These fictional reminiscences of a museum guard from the years 1987 to 1992 bring to life a hilarious young Jimmy Hendrix wannabe. After eight years of drifting he presents himself at the entry exam for the profession of “contact agent”, succeeds without having been able to answer the questions, and finds himself offered the job. It turns out contact agent is a euphemism for museum security guard, the principle contact with the public. Draped in his dour new uniform, he’s deployed on his first watch, covering zone 76 bis-- sculptures. His colleagues like him come from all parts, all a little downtrodden, and find themselves museum guards for the income and security. The art, to them, as well as the tourists that they guard it from, are alternatively soporific or annoying variables. Meanwhile boredom becomes fertile ground for corruption as drug dealing and prostitution flourishes amongst the guards. The dark underground passages, vaults and utility rooms of the museum become the meeting-places of these drug and sex addicts.

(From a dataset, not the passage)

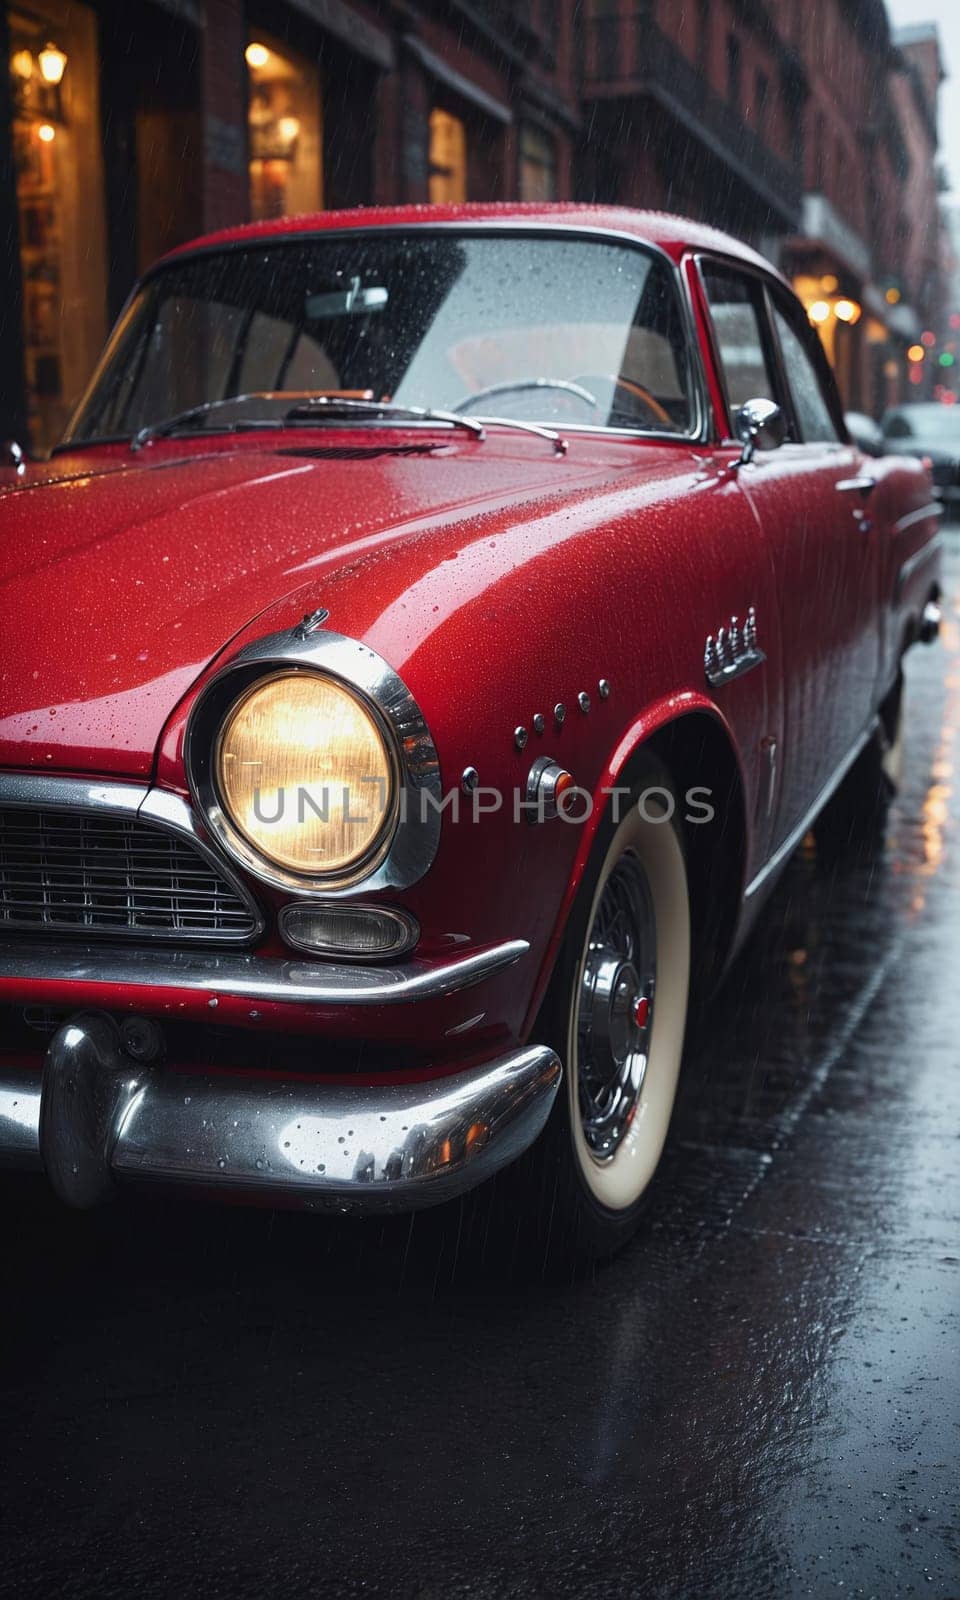 Vintage red car on a rainy street by Andre1ns

When their dealer is caught, arrested, and put into prison, the fun is over. They can’t use a strike to get what they want this time, so they barricade themselves in the museum and take hostage a couple hundred tourists. The hold up ends in tear gas and in some reduction of sentence for their dealer-friend. Following the incident, many of them leave, but our hero stays on, rather fancied by the museum’s young female director. A few years of his diary show that he stays in the profession he swore he would leave, and that eventually he and his ambitions become more attuned to the life of a museum guard. As he signs off, he gives a big yawn, and wonders why we are more susceptible to the tempatation to sleep through life than to stay awake.
This is part situation comedy and part little philosophical novel set against the backdropof great works of art, and peppered with personal encounters with those silent bystanders in museums who often solicit as much curiosity as the works of art themselves. If you ever wondered what was going through their minds, this is it.